What you will do:
Would you reproduce the whole listing exactly, dropping any pictures it holds?

Data block:
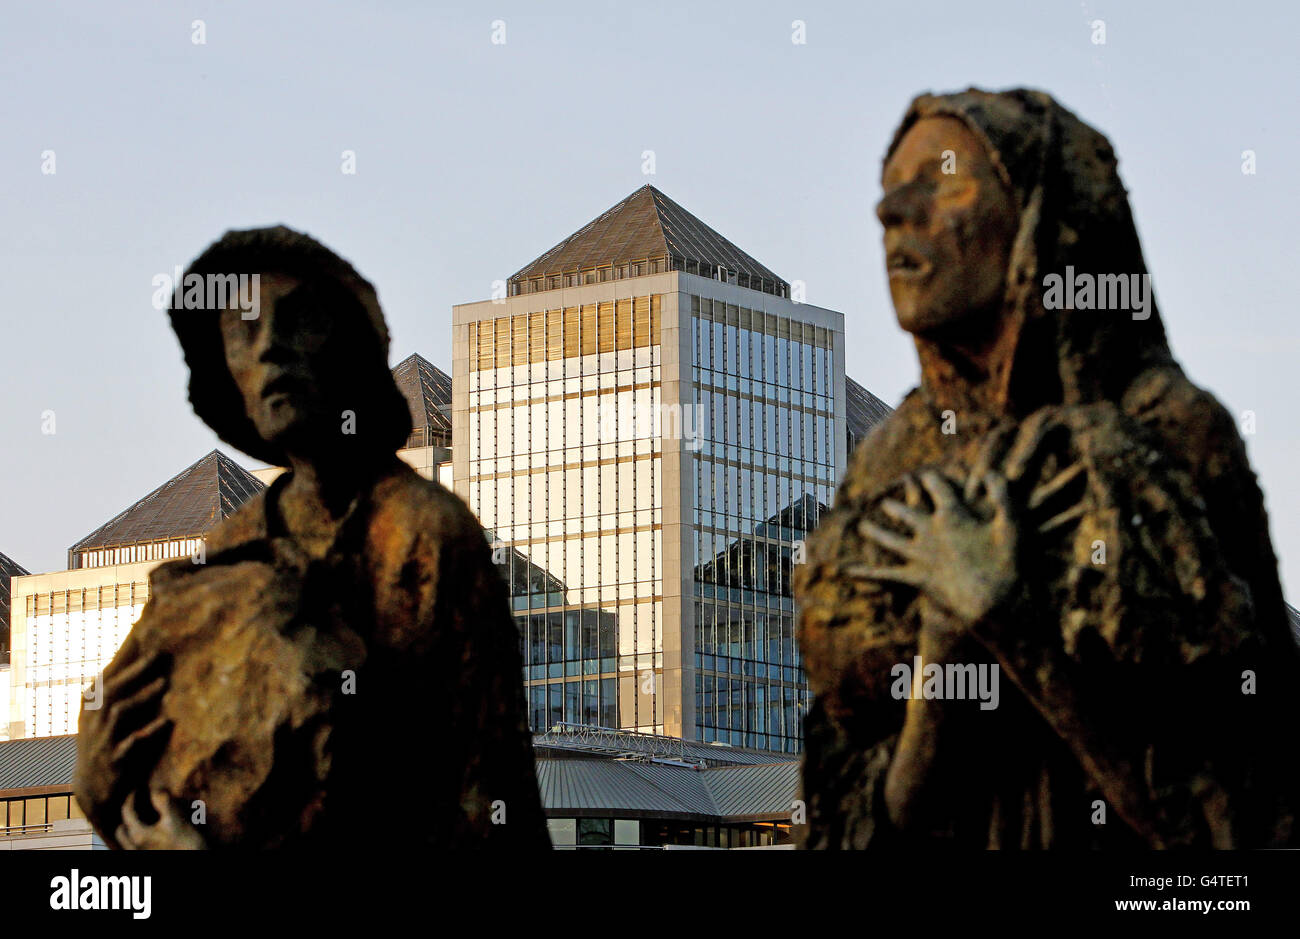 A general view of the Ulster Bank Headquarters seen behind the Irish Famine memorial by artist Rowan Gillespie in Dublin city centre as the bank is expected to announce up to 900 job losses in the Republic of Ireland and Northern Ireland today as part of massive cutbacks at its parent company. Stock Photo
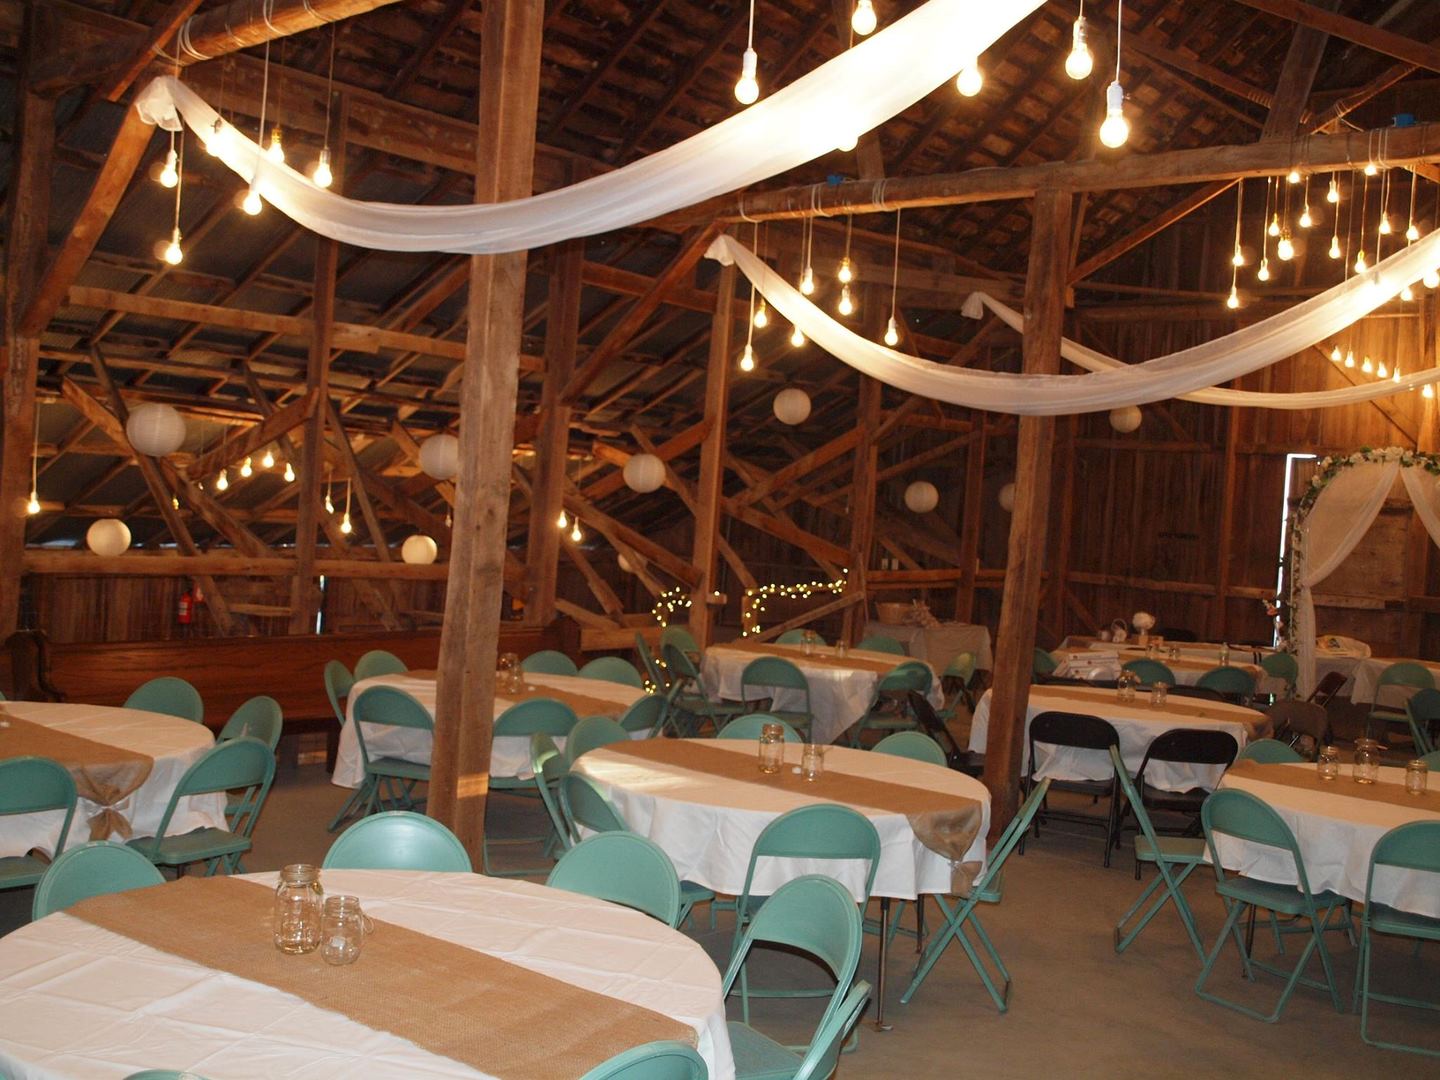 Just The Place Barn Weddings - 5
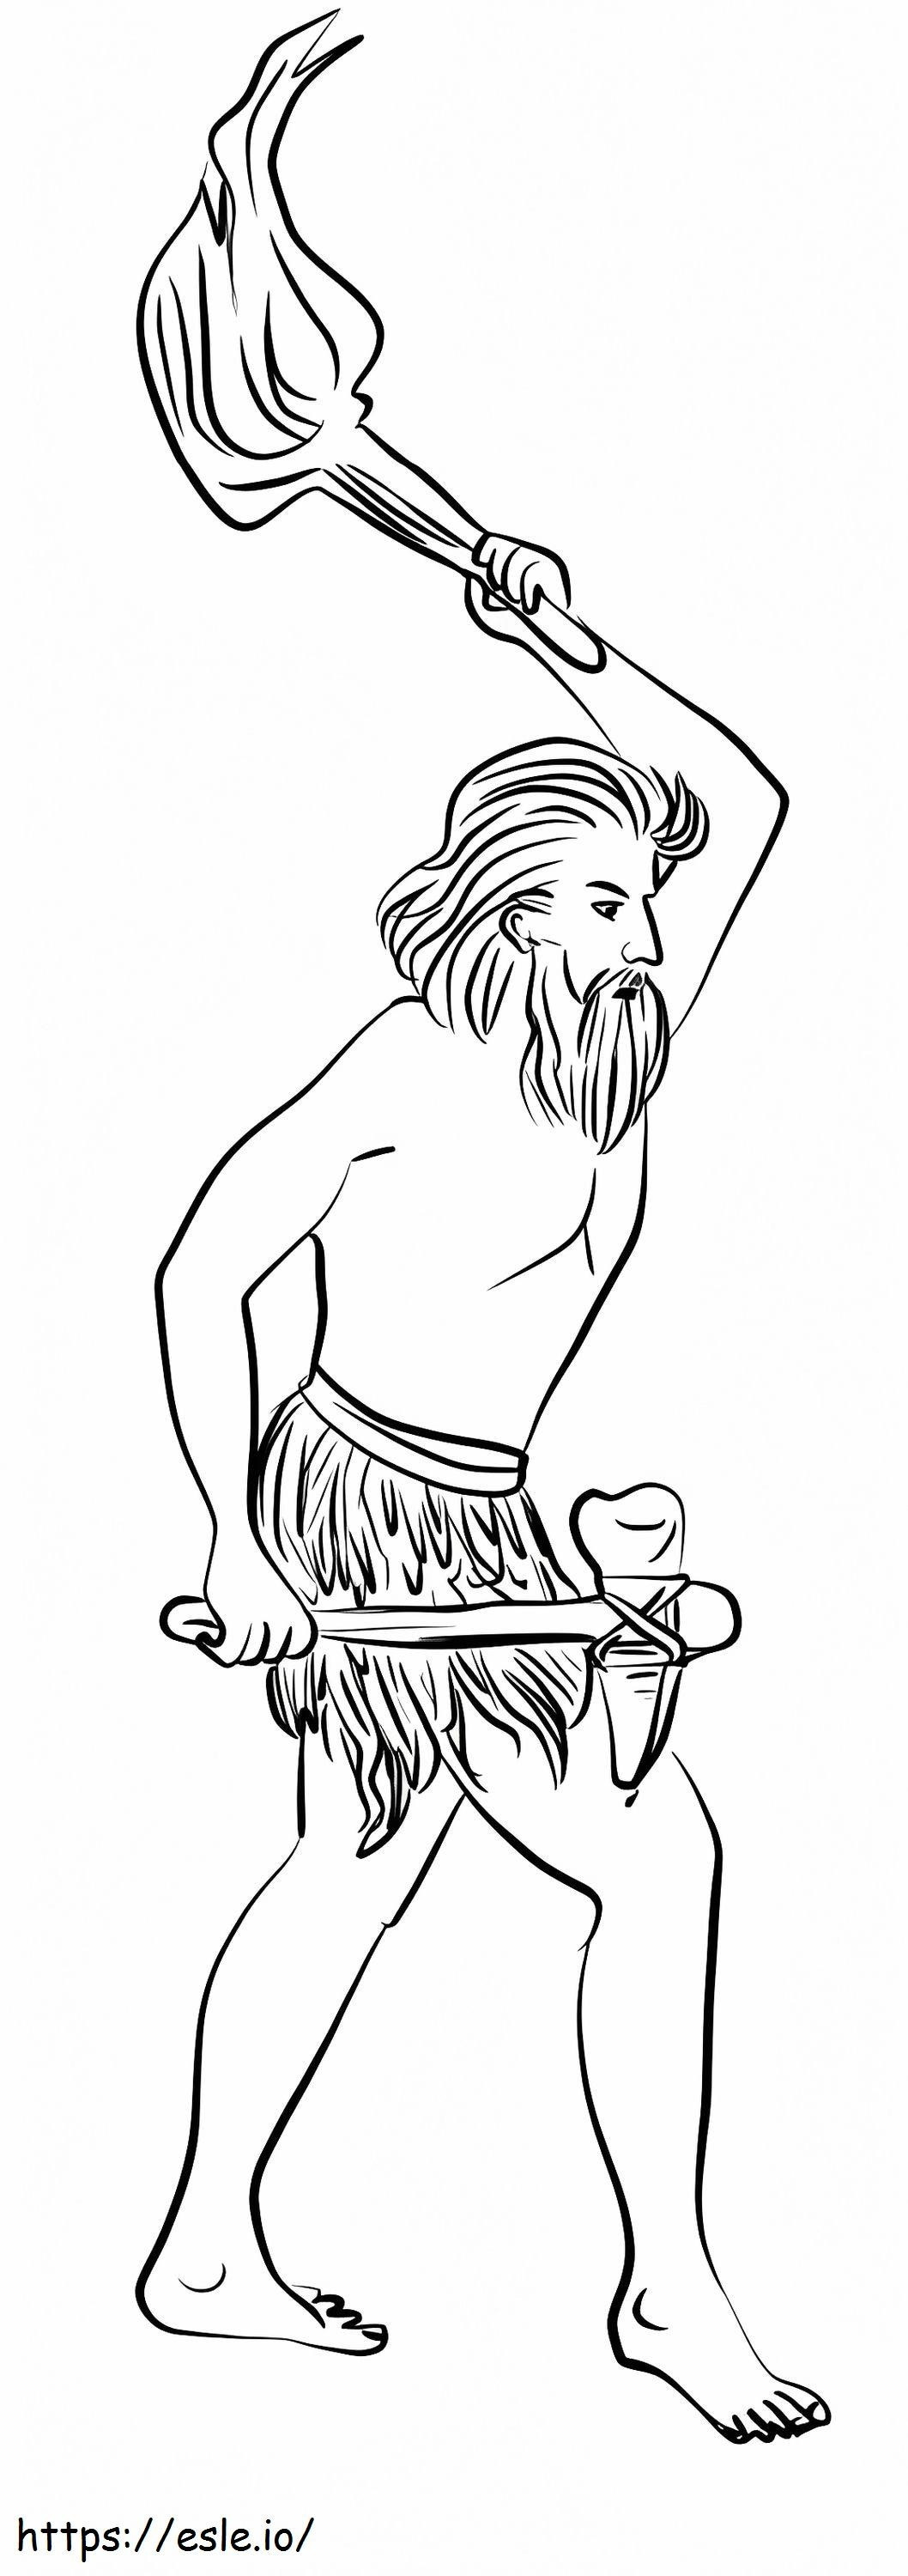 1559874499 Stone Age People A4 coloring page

Answer:
 A general view of the Ulster Bank Headquarters seen behind the Irish Famine memorial by artist Rowan Gillespie in Dublin city centre as the bank is expected to announce up to 900 job losses in the Republic of Ireland and Northern Ireland today as part of massive cutbacks at its parent company. Stock Photo
 Just The Place Barn Weddings - 5
 1559874499 Stone Age People A4 coloring page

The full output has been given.